What does it mean that Jesus died “for us?”

What does it mean that Jesus died “for us?” August 7, 2013

DeathofdeathOften Christians talk about Jesus dying “for us.”  We are correct to use this language because it is the Bible’s way of speaking of Jesus’ death.  Just to use one example, Paul said in Romans 5:8 that, “God shows his love for us in that while we were still sinners, Christ died for us.”  What do we mean when we say that Jesus “died for us?”  What did he accomplish when he died?

Few people have done as much work in the area of Jesus’ atonement in the last century as J.I. Packer.  In addition to writing the introduction to The Death of Death in the Death of Christ, Packer gave a lecture which was published in the Tyndale Bulletin entitled “What Did the Cross Achieve?: The Logic of Penal Substitution.”  In this lecture, he gives a nine-point summary of an evangelical understanding of Jesus’ death.

1) God judges all sin as it deserves: which Scripture affirms, and my conscience confirms, to be right.

2) My sins merit ultimate penal suffering and rejection from God’s presence, and nothing I do can blot them out.

3) The penalty due to me for my sins, whatever it was, was paid for me by Jesus Christ, the Son of God, in his death on the cross.

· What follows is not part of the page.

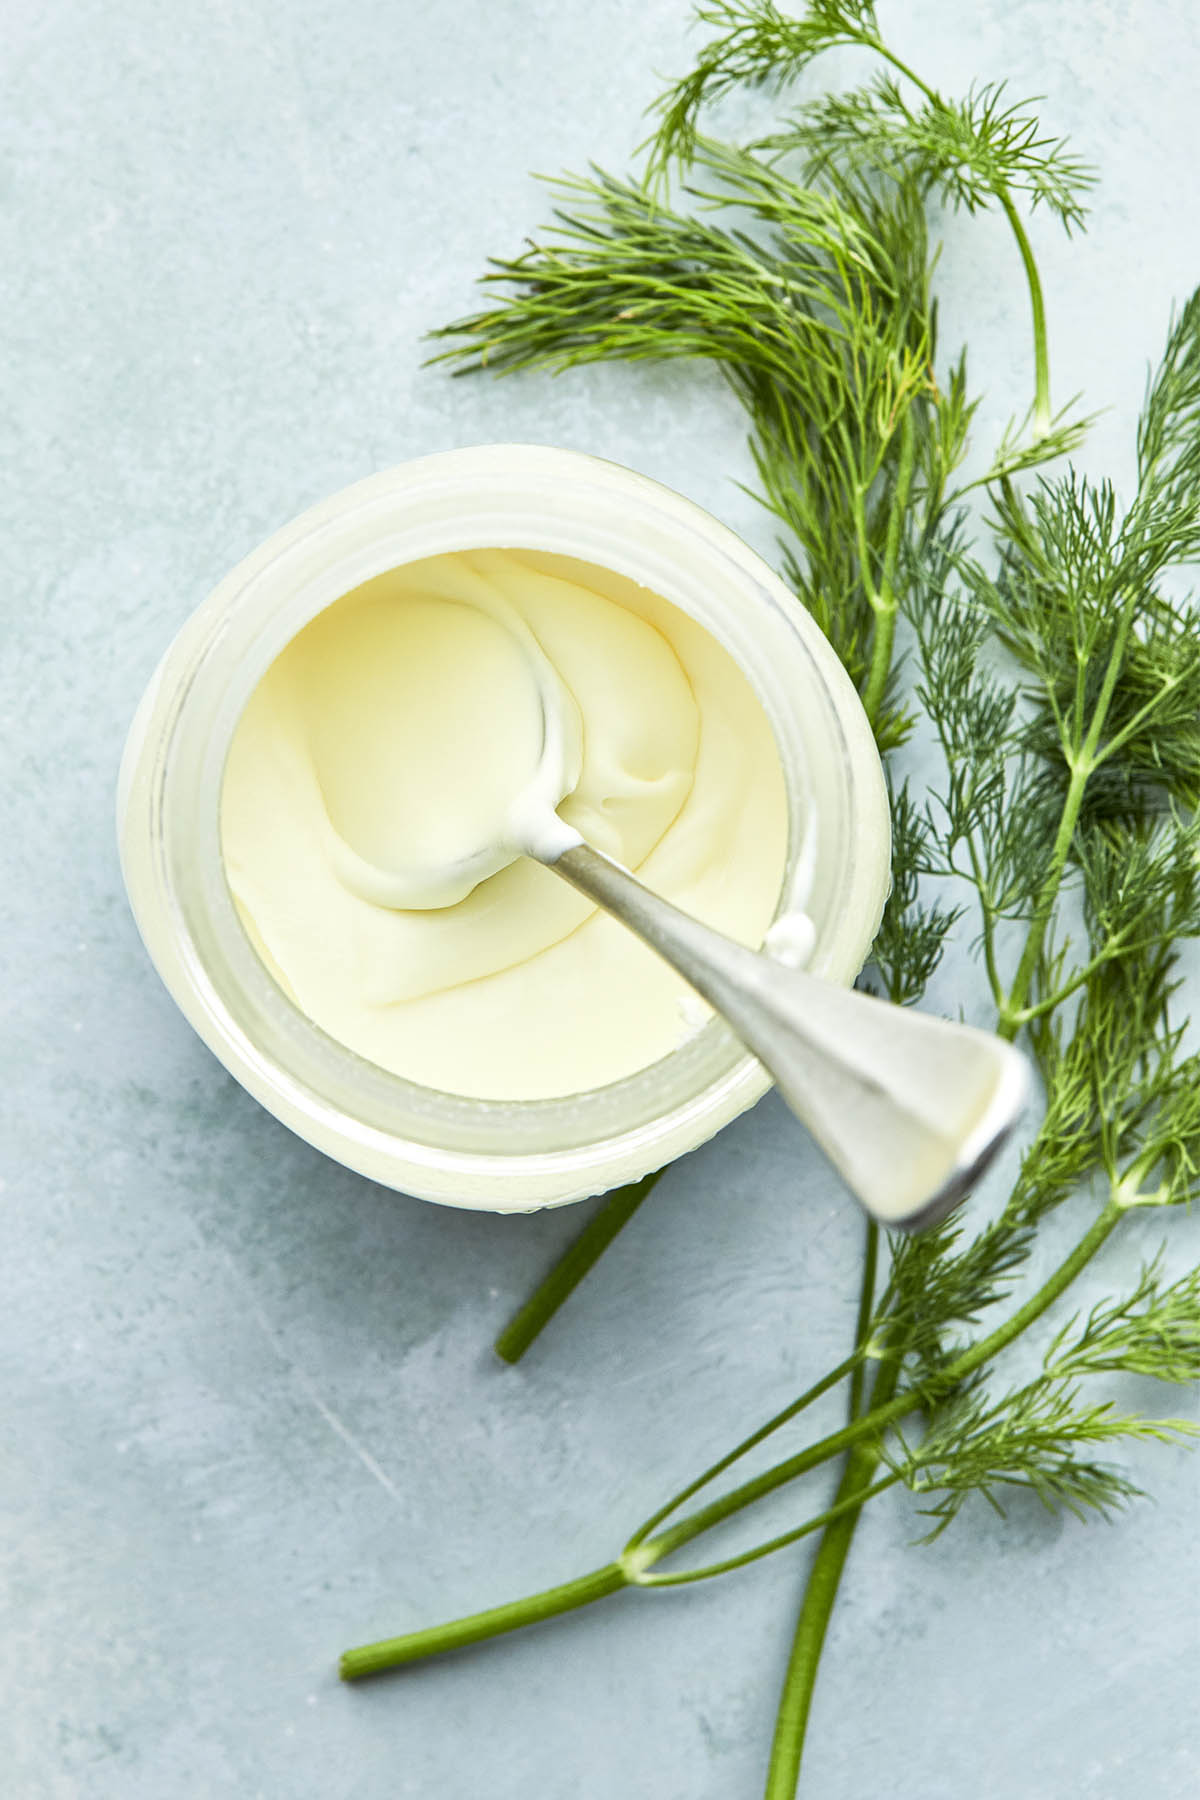 A jar of crème fraîche with a spoon inside the jar and fresh dill laying on the surface next to the jar.

4) Because this is so, I am through faith in him “the righteousness of God in him,” i.e. I am justified and pardon, acceptance, and sonship are mine.

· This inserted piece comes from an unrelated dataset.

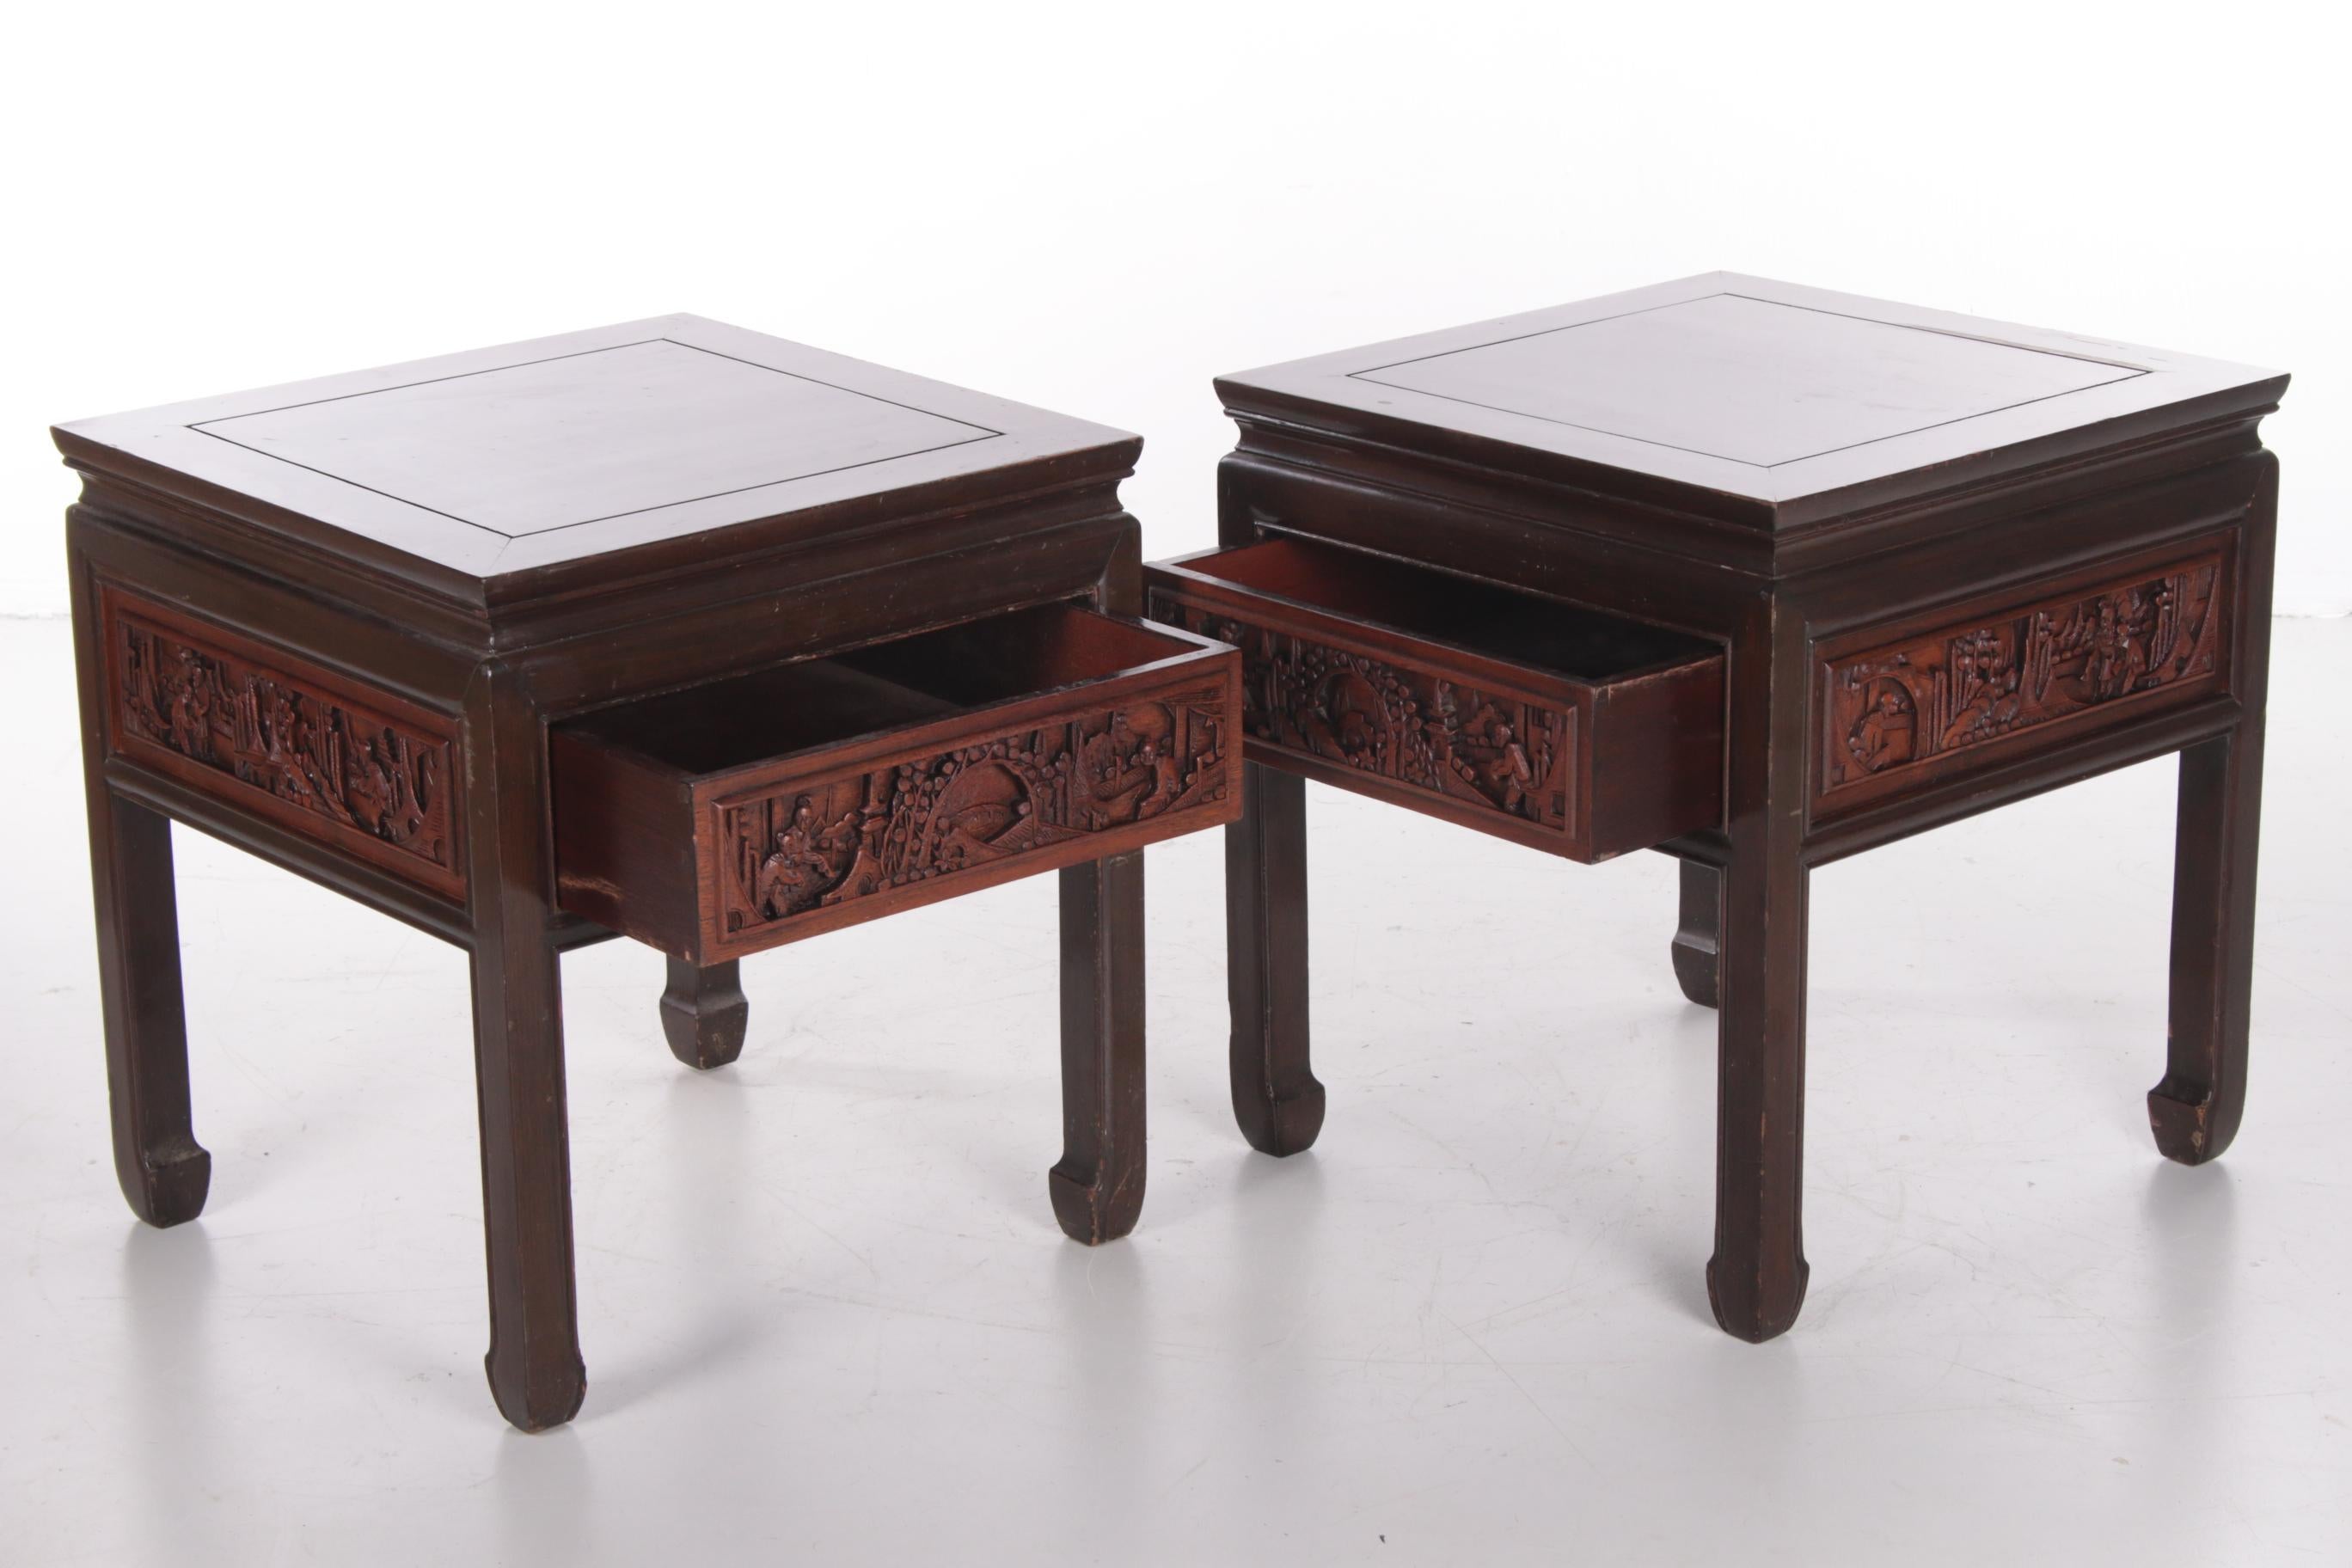 20th Century Chinese Wooden Bedside Tables with Beautiful Hand Carving 10

5) Christ’s death for me is the sole ground for my hope before God. “If he fulfilled not justice, I must; if he underwent wrath, I must to eternity.”

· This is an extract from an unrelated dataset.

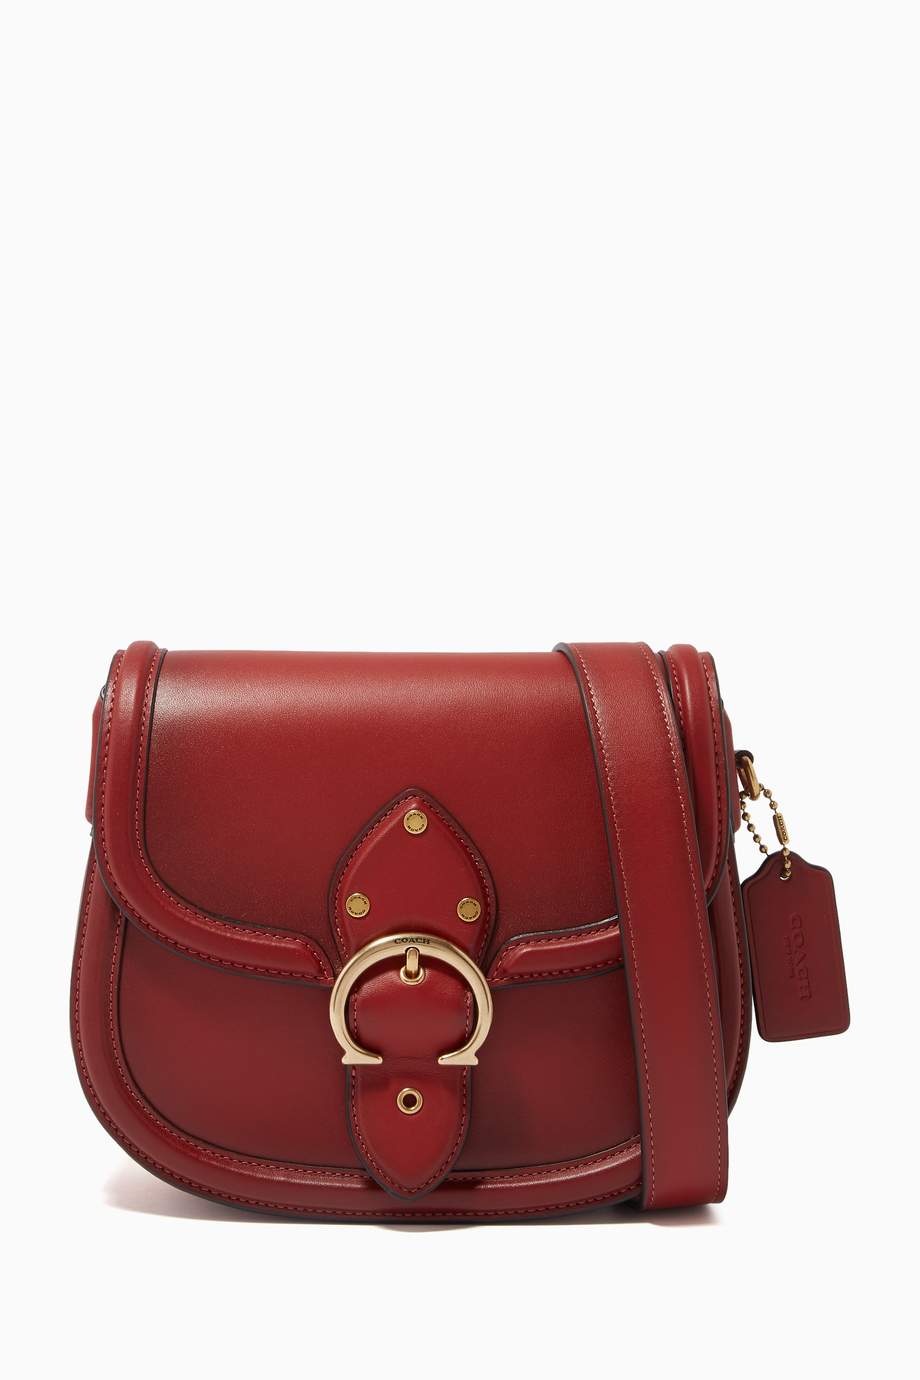 Shop Coach Red Beat Saddle Bag in Leather for Women | Ounass UAE

6) My faith in Christ is God’s own gift to me, given in virtue of Christ’s death for me; i.e. the cross procured it.

7) Christ’s death for me guarantees my preservation to glory.

8) Christ’s death for me is the measure and pledge of the love of the Father and the Son to me.

9) Christ’s death for me calls and constrains me to trust, to worship, to love, and to serve.